If we as skimo women in the community can develop a more inclusive culture in the sport that is inviting and attractive to outsiders, we can grow it. There’s more to this sport than the podium.
Also of course, we need better uphill access in North America. I hope more resorts get on board with opening their mountains for people to travel uphill.
Q: Would you want skimo to be in the Olympics? Whether yes or no, why?
Oh absolutely! It needs to be in the Olympics. If curling is in the Olympics, skimo should have been in it yesterday.
Skimo is exciting, daring, adventurous, risky…all the ingredients for creating intrigue among spectators. This sport is the ultimate test of endurance, speed, technical skill, uphill, downhill, and everything in between.
Q: What are your future skimo goals and plans? Do you have plans away from racing – such as expeditions, traverses, trips?
My short term plans include going to Europe to live and race the entire World Cup Circuit for 2020, as well as some Grand Courses. I want to completely immerse myself into the mother-ship of ski mountaineering so that I can grow and bring back what I learn.
One of our juniors, Grace Staberg will be joining me for those 5 months. We leave the first week of December!
Long term goals are evolving but hard to say because opportunities are trickling in now that I never would have foreseen a year ago. I want to be open.

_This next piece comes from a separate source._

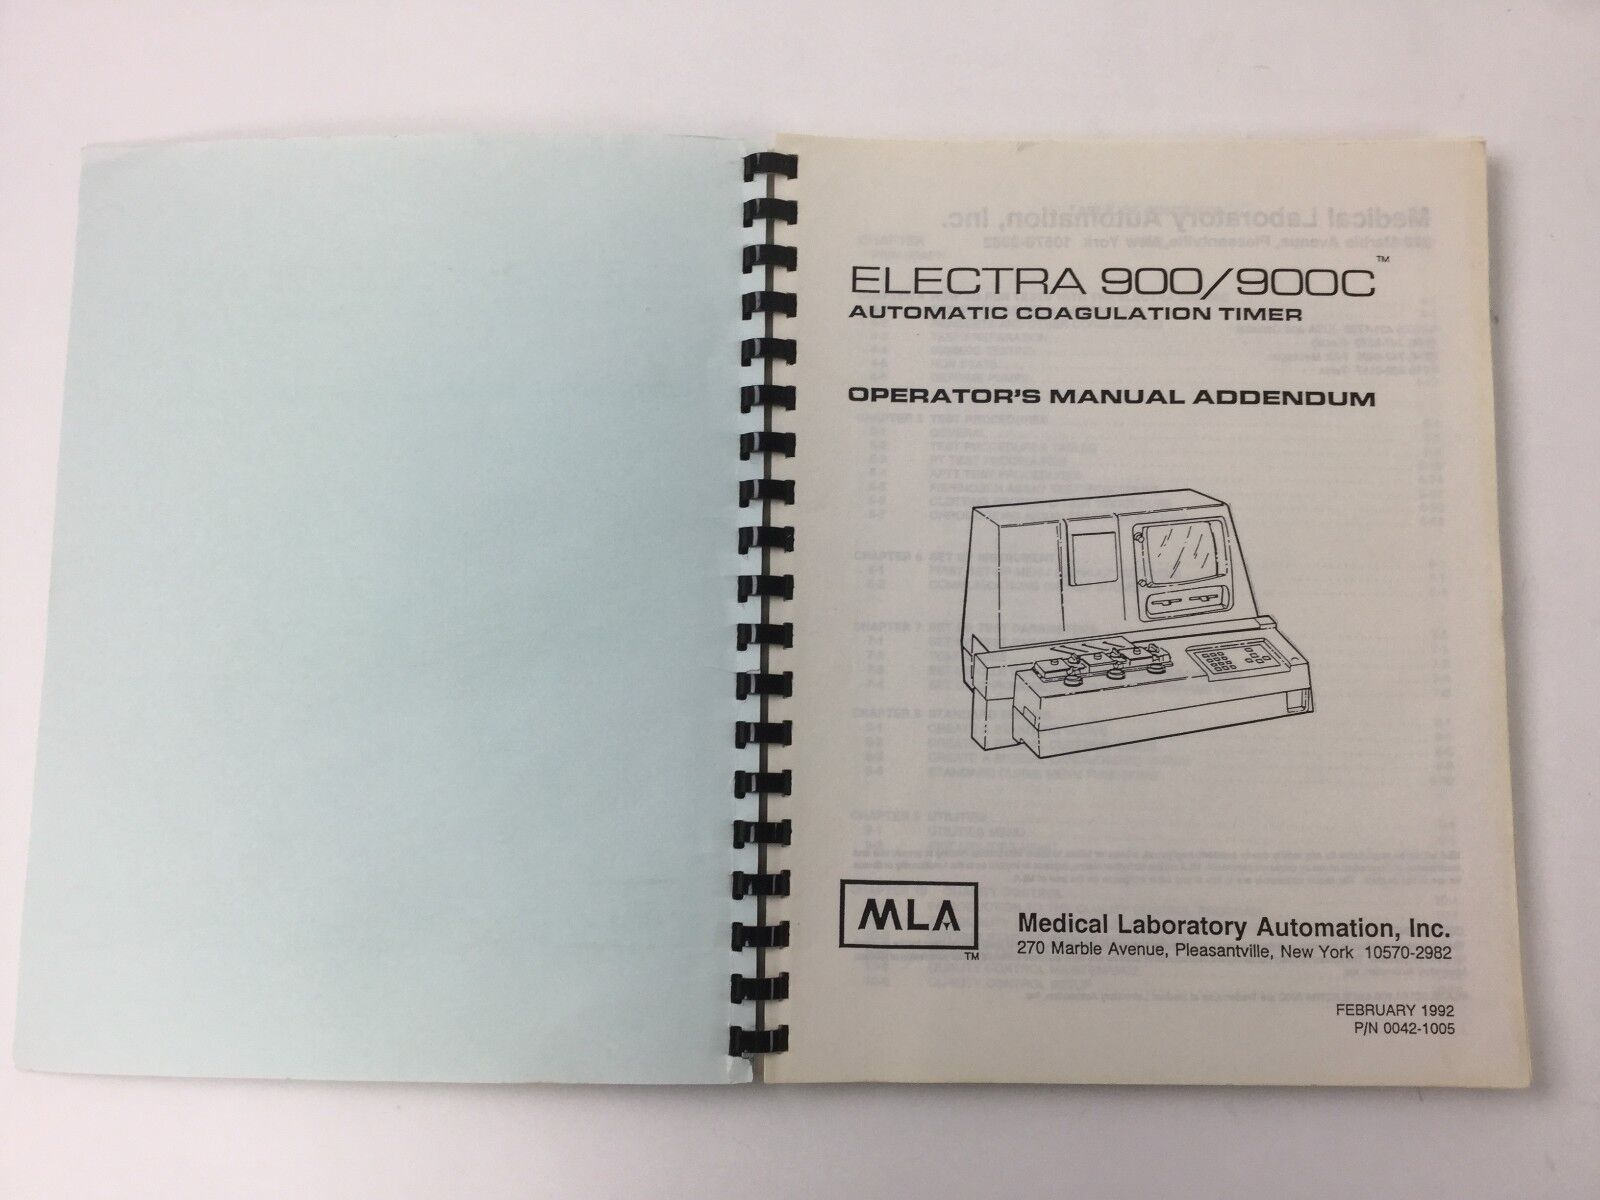 Medical Laboratory Operators Manual ADDENDUM for Electra 900 and 900C

I have been fortunate to see a lot of the world. But racing in these other countries is very new and exciting to me. Traveling by skis is an awesome thing.
I met some folks from India at the race in China, and it was really cool talking to them and hearing them share about wanting to start a skimo club in their country. They came to China to get acquainted with the sport and learn.
China rallied people from all parts of the world for the Mt. Gangshika masters race and that was truly awesome.
I would love to help facilitate growing the sport not only in the USA but around the world.
Q: If you were to die in 10 years, how would you want to live them? What would you like to do, “complete”, or “accomplish”?
I think in whatever I do, I want to somehow serve people in it and impact hearts in a positive way.
So many people have helped me in my life to get to where I am. I would love to give back. I don’t know what that is supposed to look like. I don’t have a particular bucket list item that I have to conquer.
As I continue to grow in skimo I begin to realize new ambitions and goals, but they aren’t the end-all-be-all for me. I love exploring exotic foreign places on skis and meeting new people along the way.
But if 10 years is all I get, I think I would want to try and focus on what I was leaving behind, since after all I can’t take anything with me when my time is up. I think that to have a family and leave a legacy that serves to impact culture in a positive way would be a pretty great accomplishment.